Выбрать главу

Физиономия маркиза выразила глубокое недоумение. И тут я ему выдал:

— Оставьте себе этот герб, если хотите. Я никогда не был бароном и не буду им.

— Но вы им уже являетесь! — Монфальконе поднял бровь. — С той минуты, как государь император милостиво соизволил пожаловать вам титул, вы барон.

— Это вы так думаете.

— Это государь император так думает!

— И на здоровье. Я думаю иначе.

Монфальконе даже привстал.

— От монаршей милости не отказываются! — повысил он голос. Неужели думал смутить меня громкими звуками?

— А я отказываюсь.

— Но это невозможно!

— Еще как возможно. Я не принимаю ни титула, ни этого шутовского герба, ясно вам?

Маркиз вынул из кармана какую-то коробочку, достал из нее таблетку и кинул ее в рот. Несколько раз глубоко вдохнул и выдохнул, пытаясь справиться с нервным потрясением. Шевельнул ушами. Судя по всем этим телодвижениям, потрясение и впрямь оказалось серьезным.

А когда он вновь заговорил, в его голосе зазвучал яд, охлажденный до очень низкой температуры. Жидким азотом, наверное, если не гелием.

— Значит, вопреки желанию его величества вы намереваетесь остаться обыкновенным дворянином? — осведомился он. — Не пожалеете?

— Почему остаться? — заартачился я. — Кем это я должен остаться? Я никогда не был дворянином и не собираюсь быть им.

— Но ваши предки…

— Не были дворянами, и точка. И я не дворянин.

— Но монаршая милость…

Терпеть не могу, когда диспут уходит на второй круг. По-моему, милость — это именно милость, а не обязанность. Я могу принять ее, а могу и отклонить. Бароном быть не желаю, и хватит об этом, а дворянином не являюсь по факту. Я простолюдин.

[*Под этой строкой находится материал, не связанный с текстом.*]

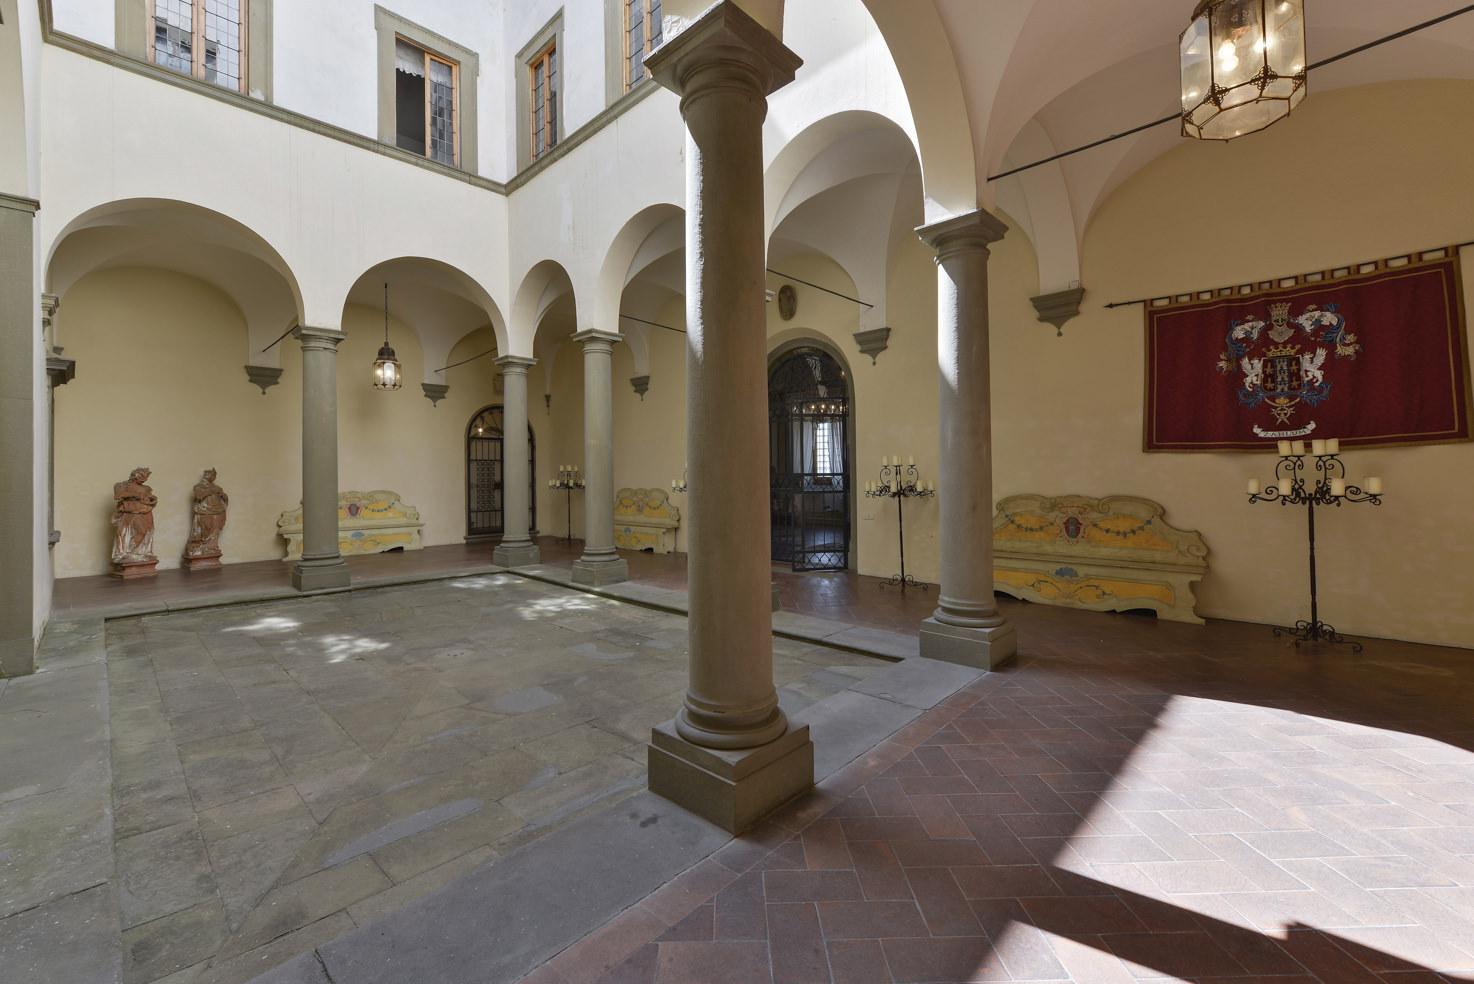 Internal courtyard of Villa Gamberaia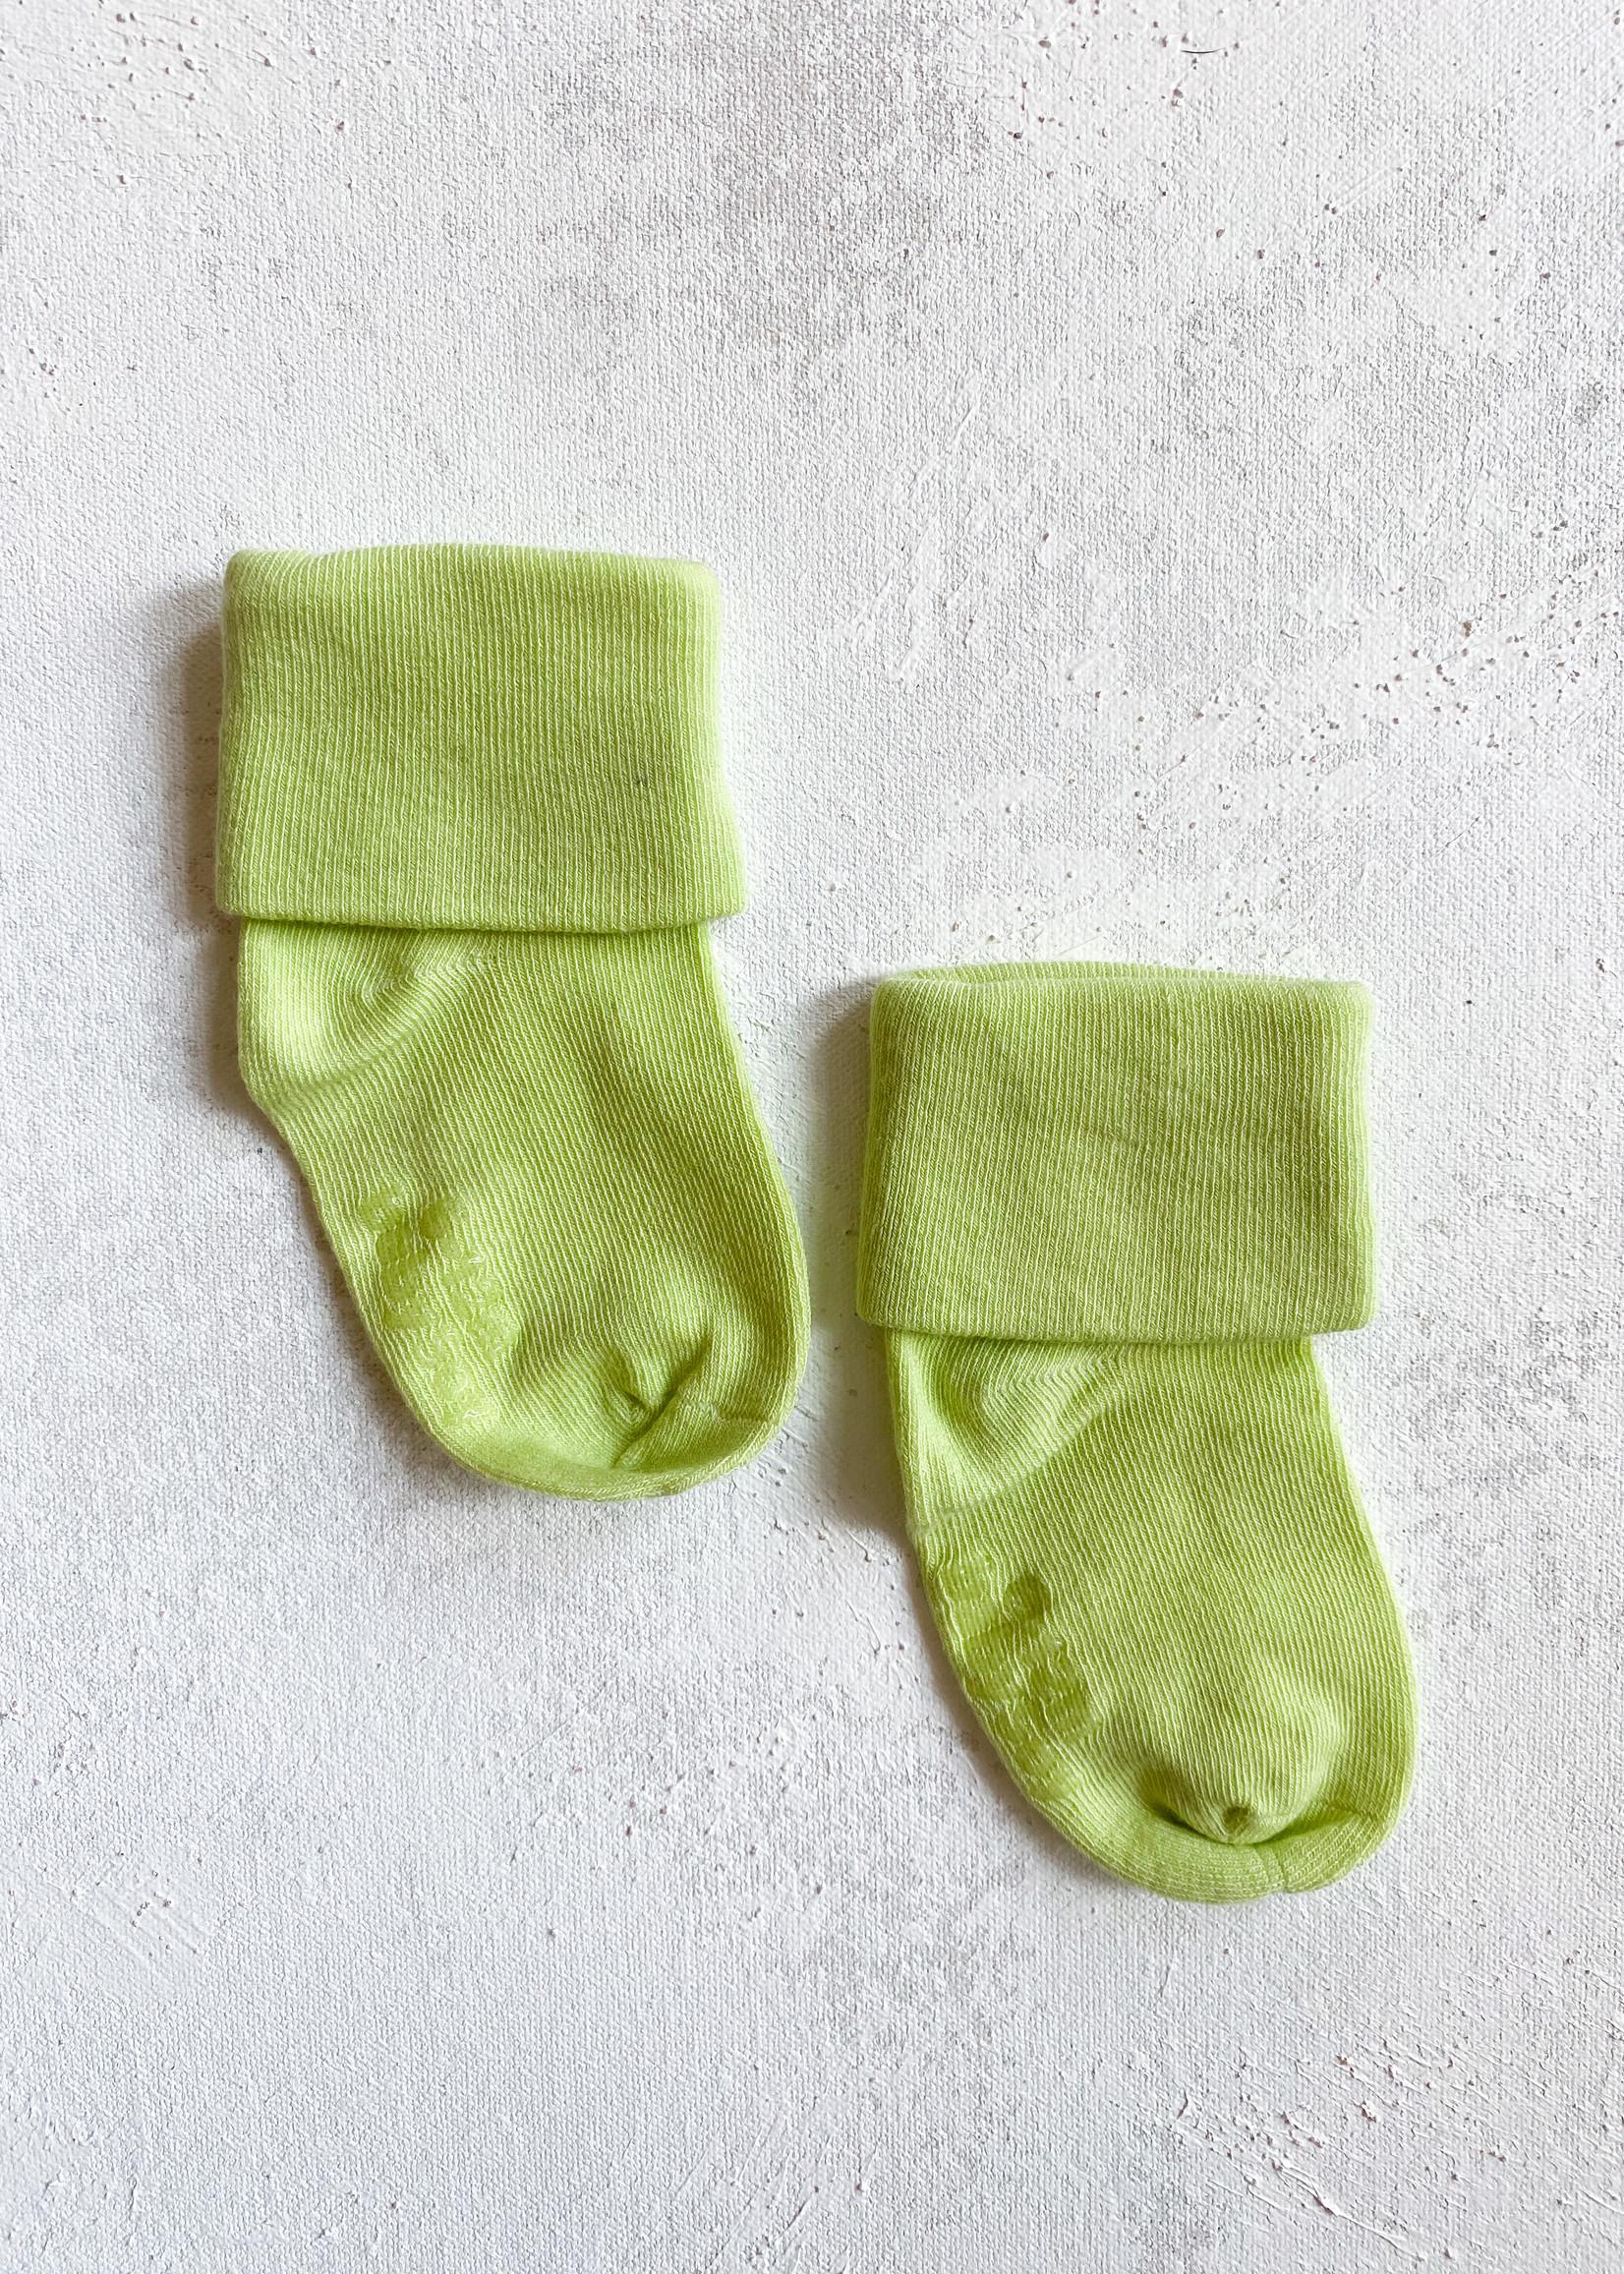 Elitaire Petite Modern Socks in Meadow

У маркиза даже уши побелели.

— Хотите поставить себя наособицу?

— Хочу, чтобы вы оставили меня в покое! — К этому я еще кое-что добавил. Старикан успел мне надоесть.

Наши желания не совпали: он еще долго не оставлял меня в покое, все нудил и нудил насчет того, какая я неблагодарная скотина, — впрочем, надо отдать ему должное: слово «скотина» он не произнес, не употребив также, в отличие от меня, и иных прямых оскорблений, но зато дал мне понять в самых изящных выражениях, кто я такой и чего, по его мнению, стою. Однако когда я, устав от беседы, заявил, что ни в коей мере не ощущаю себя чьим-то персональным подданным и потому не обязан принимать подачки, маркиз взбеленился.

Он и тут не опустился до сквернословия. Он просто вскочил и накричал на меня. Вскочив слишком резко, он взмыл к потолку и оттого рассердился еще сильнее. Он стращал меня гневом монарха, а заодно напомнил мне, чьему попечению я обязан моим спасением и лечением. Тут он попал в точку: мне и вправду стало малость неловко. Но не благодарить же моих спасителей таким способом!

Наконец маркиз ушел, очень недовольный и какой-то взъерошенный, а дюжий малый, дежуривший, как видно, за дверью в продолжение всего нашего разговора, унес его персональное кресло.

Уф-ф!

4

— Вы… вы… — Джоанна не находила слов. — Вы… просто идиот!

Все-таки нашла слово.

— Допустим, — сказал я. — А что не так?

— Вы еще спрашиваете! Во-первых, вы проявили черную неблагодарность, и, главное, по отношению к кому? К его величеству государю! По чьему приказу вас тут лечат, как вы думаете? Во-вторых…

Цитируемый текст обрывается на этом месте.